Finally, the electrodes were removed and participants were debriefed, thanked and rewarded for participation.

Scoring

To quantify implicit bias, separate indices were calculated of participants’ reaction times to positive and negative words when primed with Muslim or non-Muslim faces. First, trials were dropped in which participants gave an incorrect response (M = 2.3%) and with latencies longer than participants’ mean + 3 s.d. (M = 1.4%). Then, we calculated baseline latency scores per word in phase 1, and for each word per prime type (Muslim vs non-Muslim) in phase 4. After log transformations, facilitation scores were computed per word and per target and averaged per Target × Valence combination by subtracting unprimed latencies in phase 1 from primed latencies in phase 4 (positive scores indicate greater facilitation). Because previous work has revealed a positive/negative asymmetry in intergroup bias (more discrimination on positive rather than negative attributes, Wenzel and Mummendey, 1996), we calculated an ingroup positivity score (non-Muslim positive–Muslim positive; positive scores indicate greater facilitation of positive words when primed with non-Muslim than Muslim faces), an outgroup negativity score (Muslim negative–non-Muslim negative; positive scores indicate greater facilitation of negative words when primed with Muslim than non-Muslim faces) and an implicit bias score combining the two.

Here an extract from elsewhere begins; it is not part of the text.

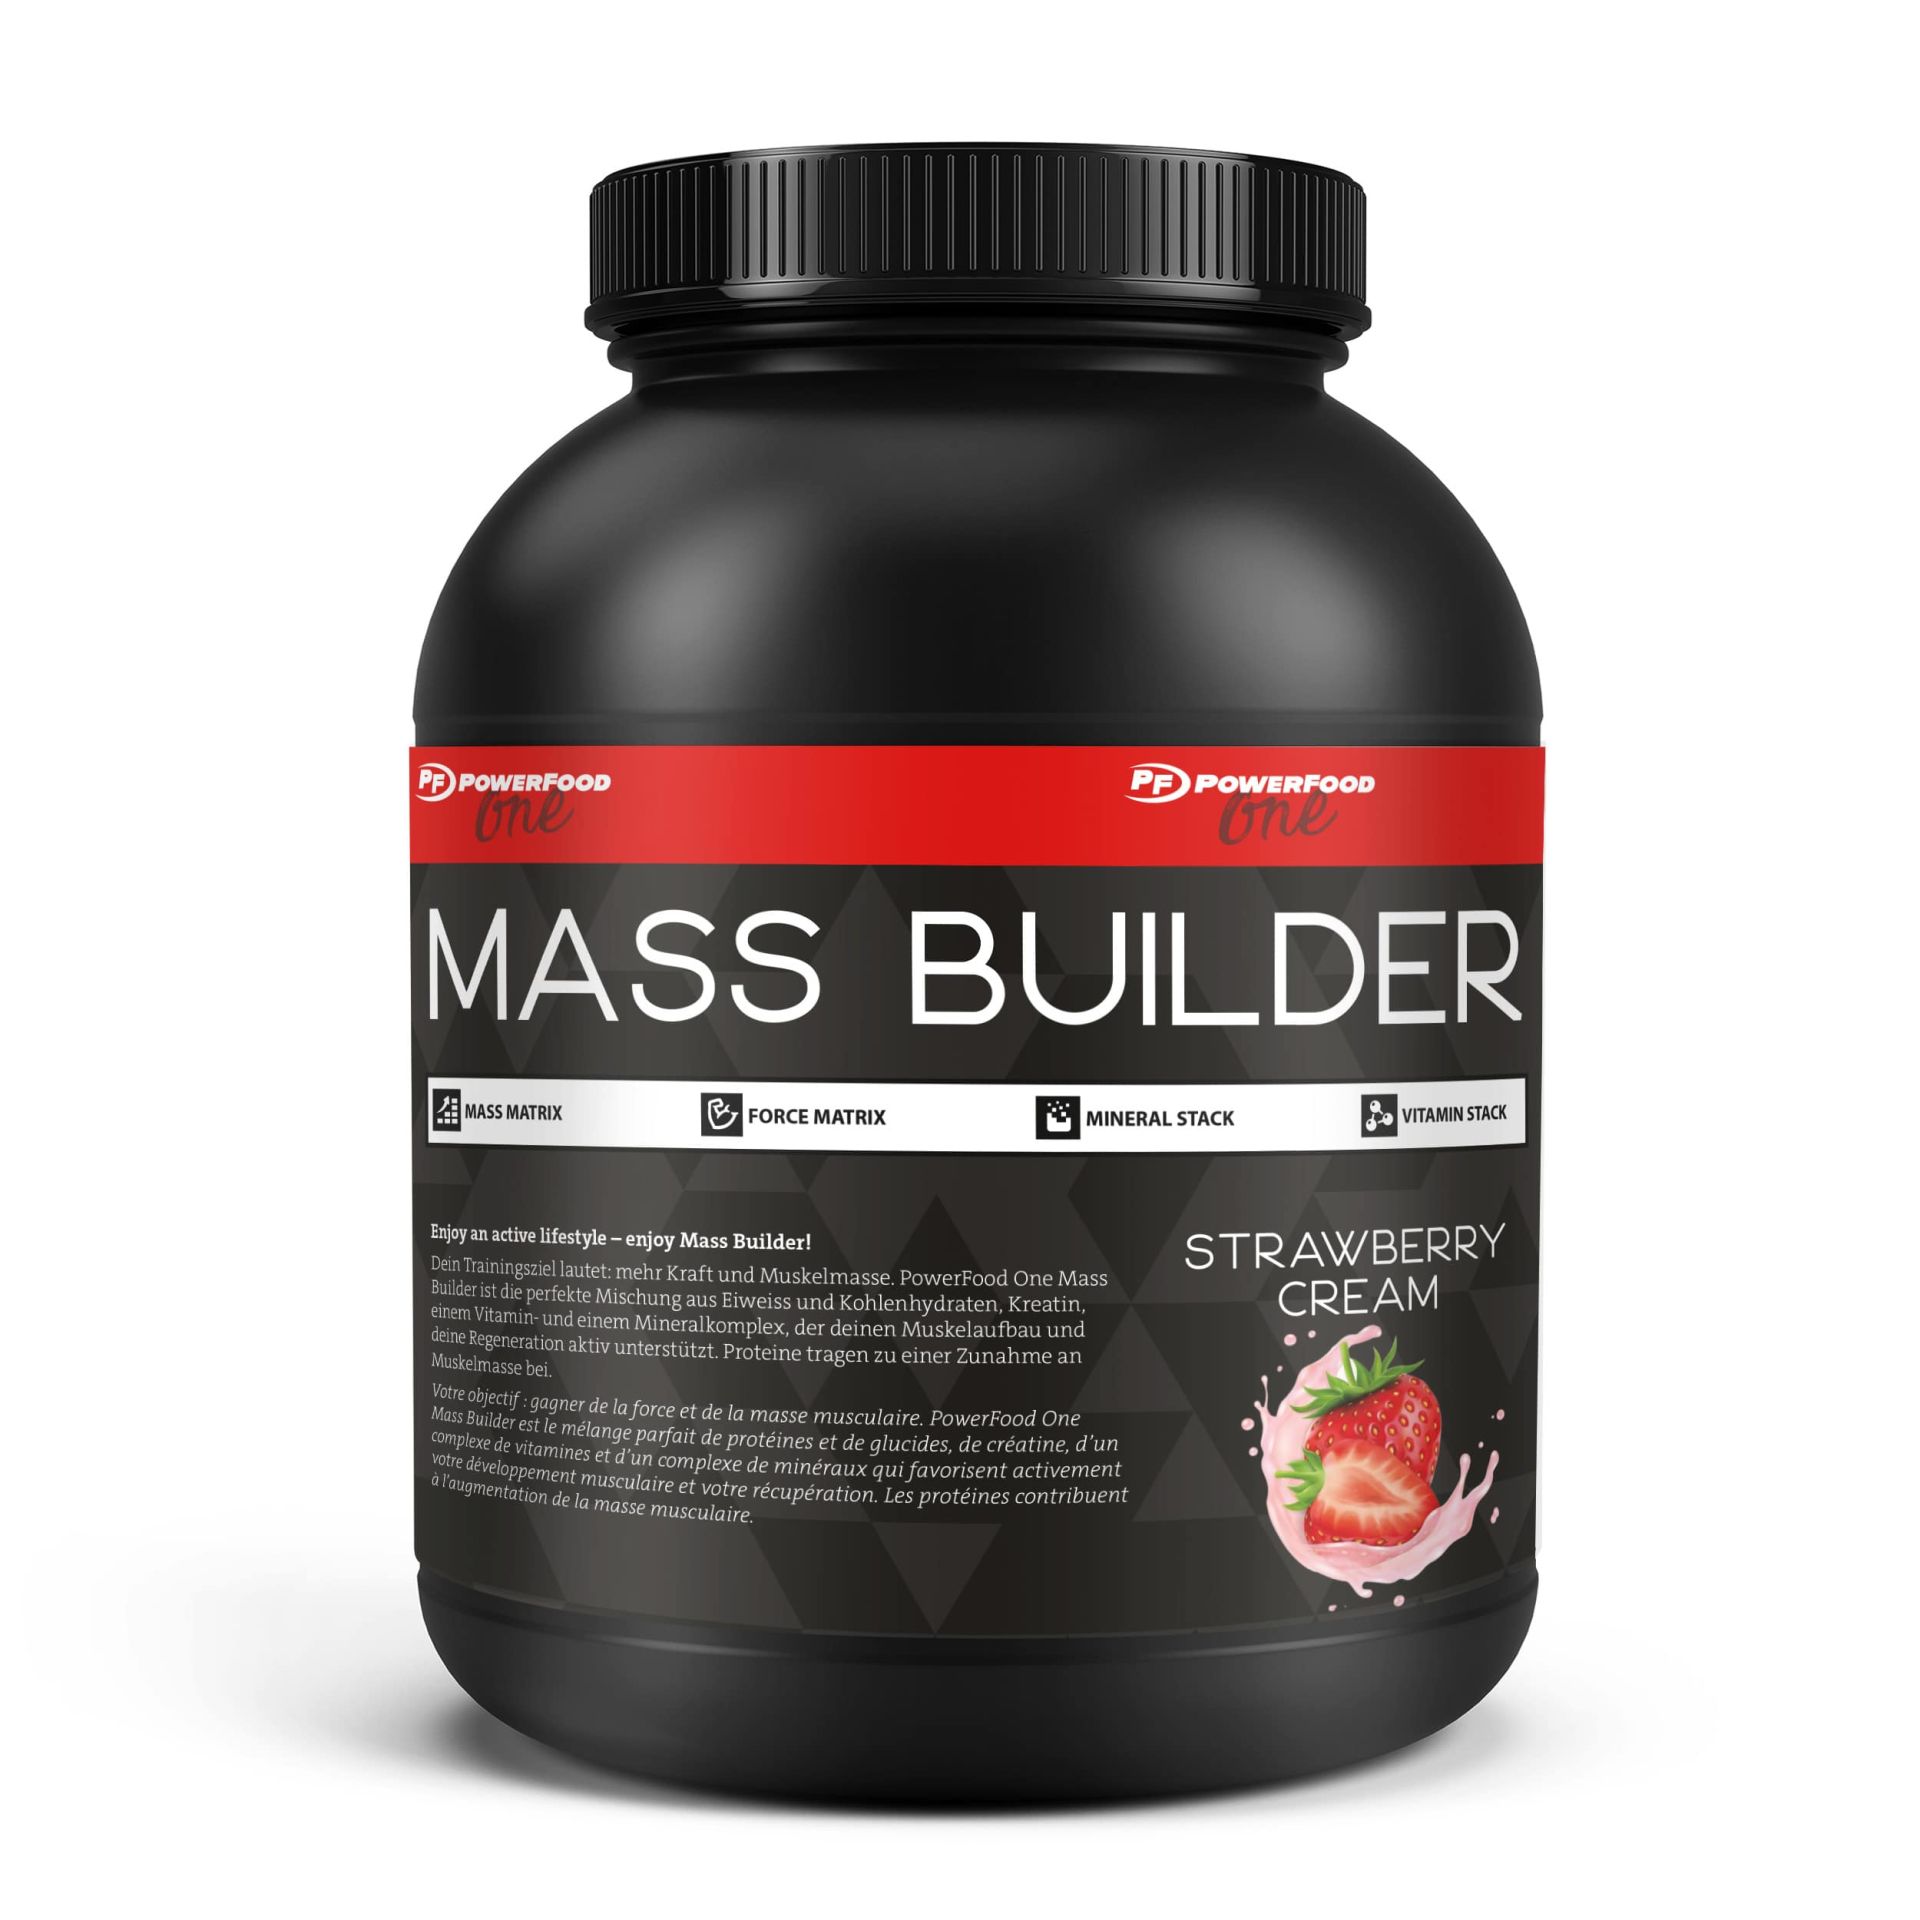 PowerFood One Mass Builder (2500G Dose)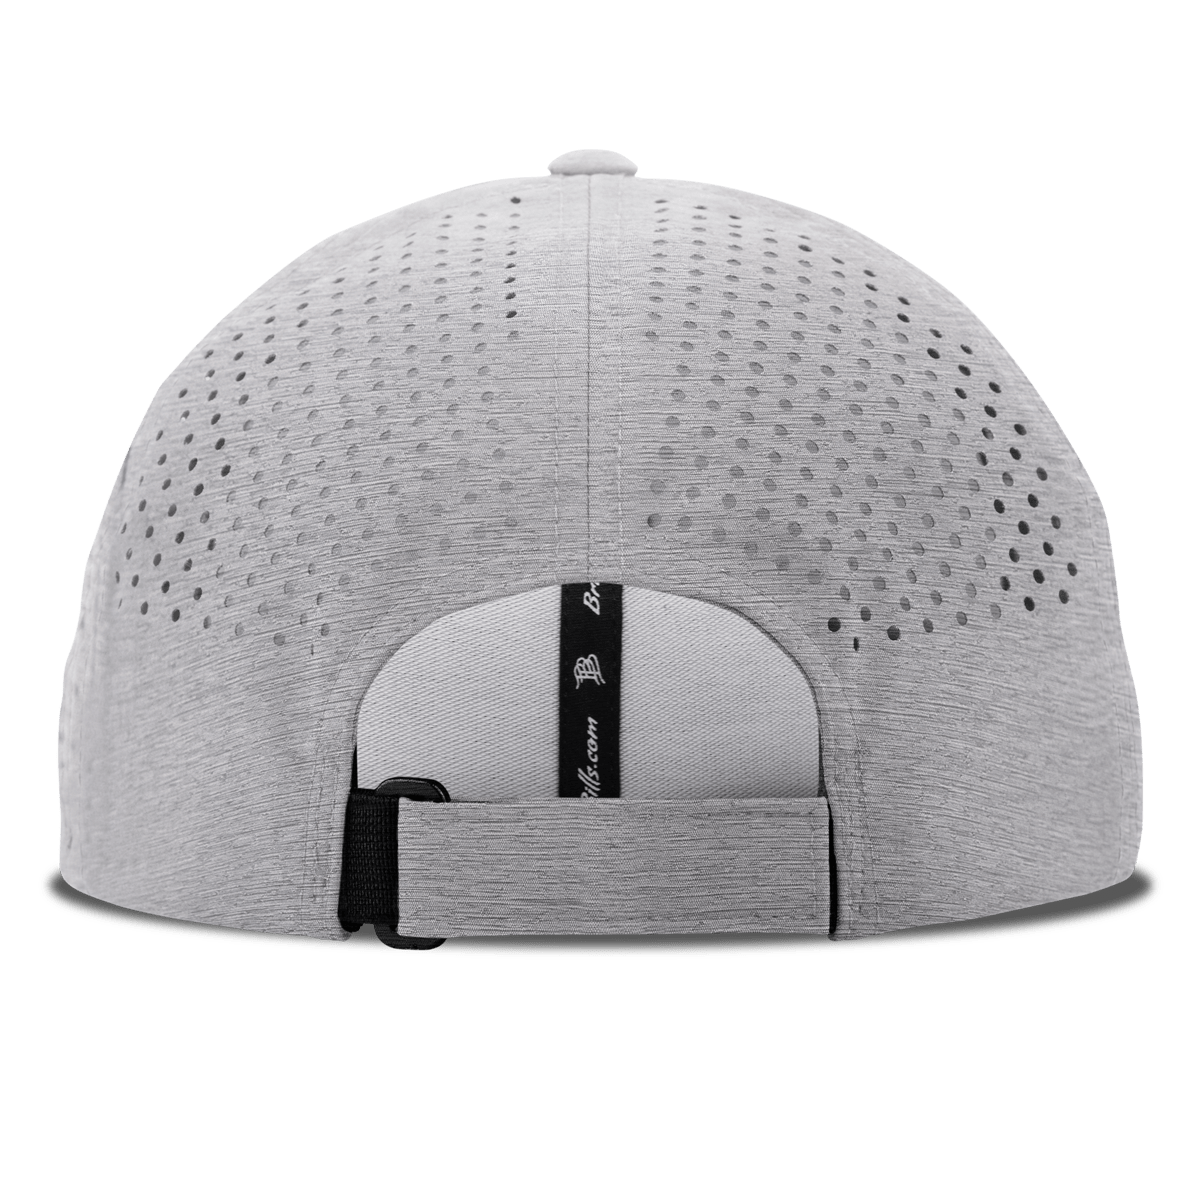 New Mexico 47 Curved Performance Back Heather Gray

EEG recording and component processing

Continuous EEG was recorded from 18 scalp sites (Fz, F3, F4, F7, F8, Cz, C3, C4, T7, T8, Pz, P3, P4, P7, P8, Oz, O1 and O2), as well as two electrodes placed on the left and right mastoids, using an ECI Electrocap and the ActiveTwo BioSemi system (BioSemi, Amsterdam, Netherlands). Vertical and horizontal eye movements were recorded with electrodes placed supra- and infra-orbitally at the left eye and on the left vs right orbital rim. The ground electrode during acquisition was formed by the Common Mode Sense active electrode and the Driven Right Leg passive electrode. EEG and EOG activity were sampled at 256 Hz and digitized on a laboratory computer using ActiView software (BioSemi).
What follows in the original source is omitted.